M. Larocque (1997) en a fait la synthèse cartographique dans sa thèse (figures 24-25). Elle met en évidence les variations piézométriques entre les périodes de hautes eaux et celles de moyennes eaux. En hautes eaux, la nappe ne se trouve qu’à quelques mètres sous la Tardoire et en relation directe avec le Bandiat jusqu’à Chazelles. A partir de Chazelles, la surface piézométrique plonge jusqu’à 20 m sous le lit du Bandiat. Par contre, en moyennes eaux, la nappe se situe à 20 m sous le lit du Bandiat au niveau de Marthon, mais continue à descendre vers le nord, jusqu’à 30 m. Les variations piézométriques sont donc très importantes au niveau du Bandiat et de la Tardoire. En revanche, les profils piézométriques montrent une faible amplitude des variations piézométriques au niveau de la Bonnieure. D’autre part, M. Larocque a mis en évidence, au niveau de la Bonnieure, la présence d’une « crête piézométrique ». A partir d’un certain seuil, en basses eaux, les eaux ne s’écoulent plus vers les sources de la Touvre. La liaison hydraulique entre la nappe sous la Tardoire et la nappe sous la Bonnieure se déconnecte. Une nappe perchée persiste dans les formations détritiques tertiaires, mais sans lien avec la nappe karstique de la Touvre. A l’inverse, en hautes eaux, la Tardoire déborde. Le niveau de la nappe atteint celui de la Bonnieure.

Les cartes piézométriques en basses eaux et en hautes eaux indiquent un gradient piézométrique moyen de l’ordre de 0,56 %, soit 56 cm/km. En outre, entre un épisode de crue ou de tarissement, le battement de la nappe est très important puisqu’il peut atteindre au maximum 30 m dans le piézomètre de la Rochefoucauld (Hydro-Invest, S. Renié, 2009). Le battement de la nappe est donc très important pour un karst avec si peu de relief.

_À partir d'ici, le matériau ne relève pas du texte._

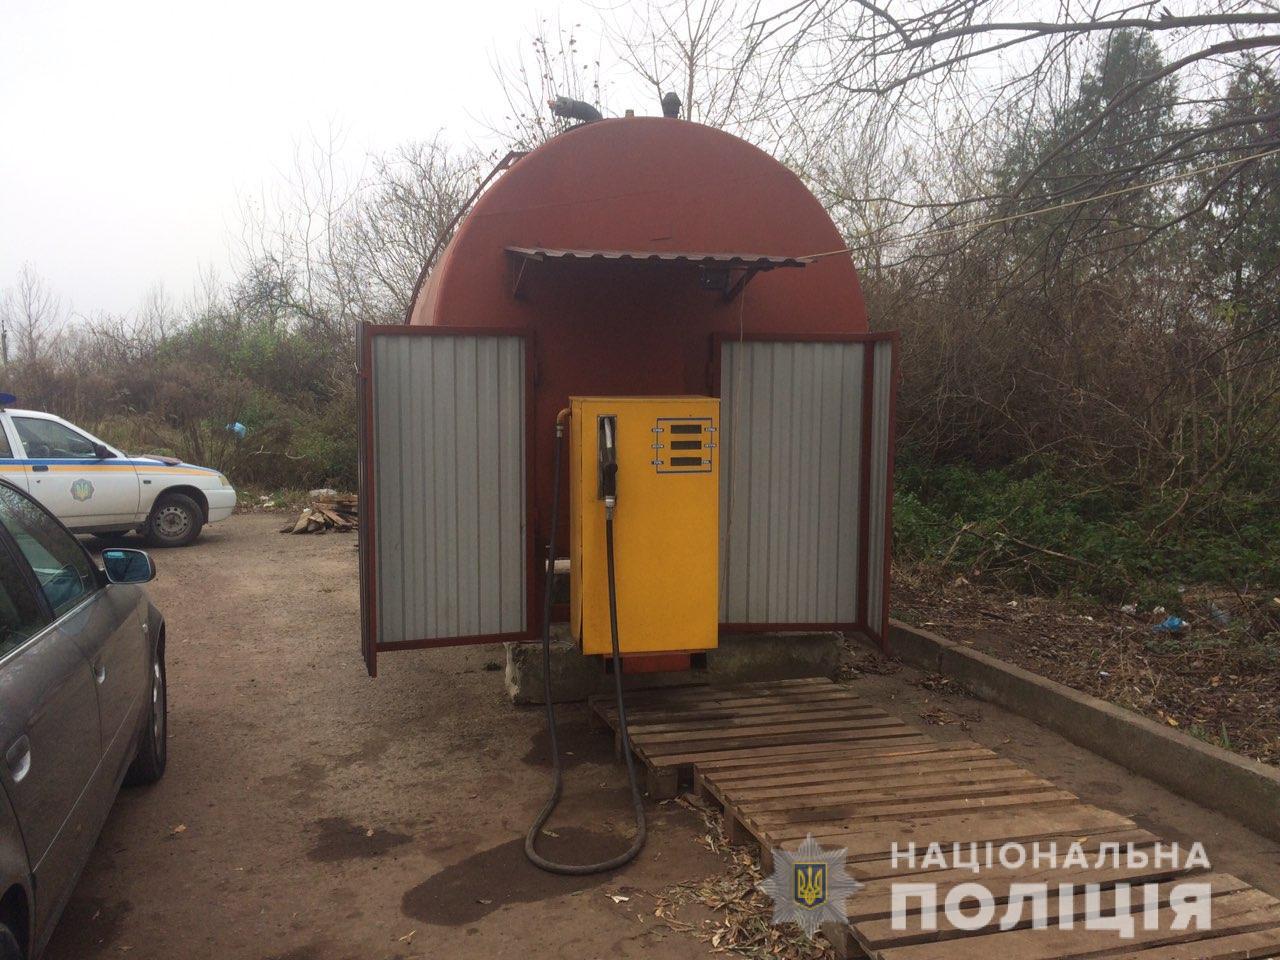 Підпільну автозаправну станцію викрила поліція Львівщини. ФОТО
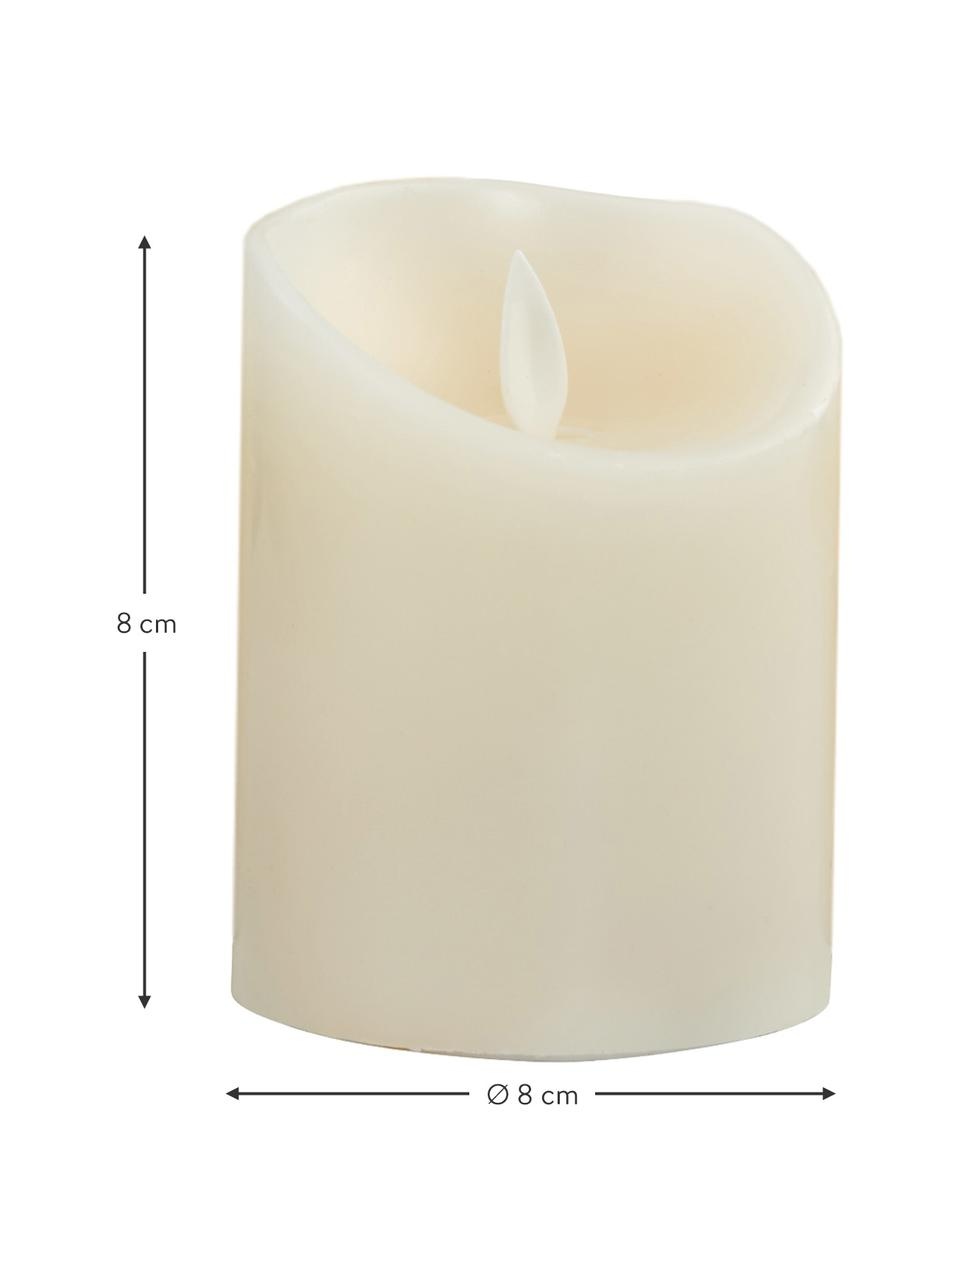 Velas LED Glowing Flame, 3pzas., Parafina, plástico, Crema, Set de diferentes tamaños

Par ailleurs, ces forages, mis en œuvre pour mesurer la piézométrie, ont permis des découvertes importantes à partir de l’observation de faciès très singuliers (Hydro-Invest, B. Dubéarnès, 1994). Celui réalisé à Mornac a mis en évidence une alternance de passées très recristallisées et dures où les oolithes sont à peine visibles et de passées où les oolithes sont libérées sous forme de billes non cimentées (S. Renié, communication orale). M. Larocque (1997) note également des pertes d’outils forants et de carottiers dans des cavités profondes. On peut s’interroger sur la nature de ces cavités. Il peut s’agir de vides karstiques liés à la vidange de zones altérées ou bien de zones fantômisées très poreuses. Croisées avec les informations du forage de Mornac, ces données confirment les observations effectuées en carrière sur une fantômisation de la série carbonatée qui implique une circulation très lente des eaux à côté de drains à circulation plus rapide.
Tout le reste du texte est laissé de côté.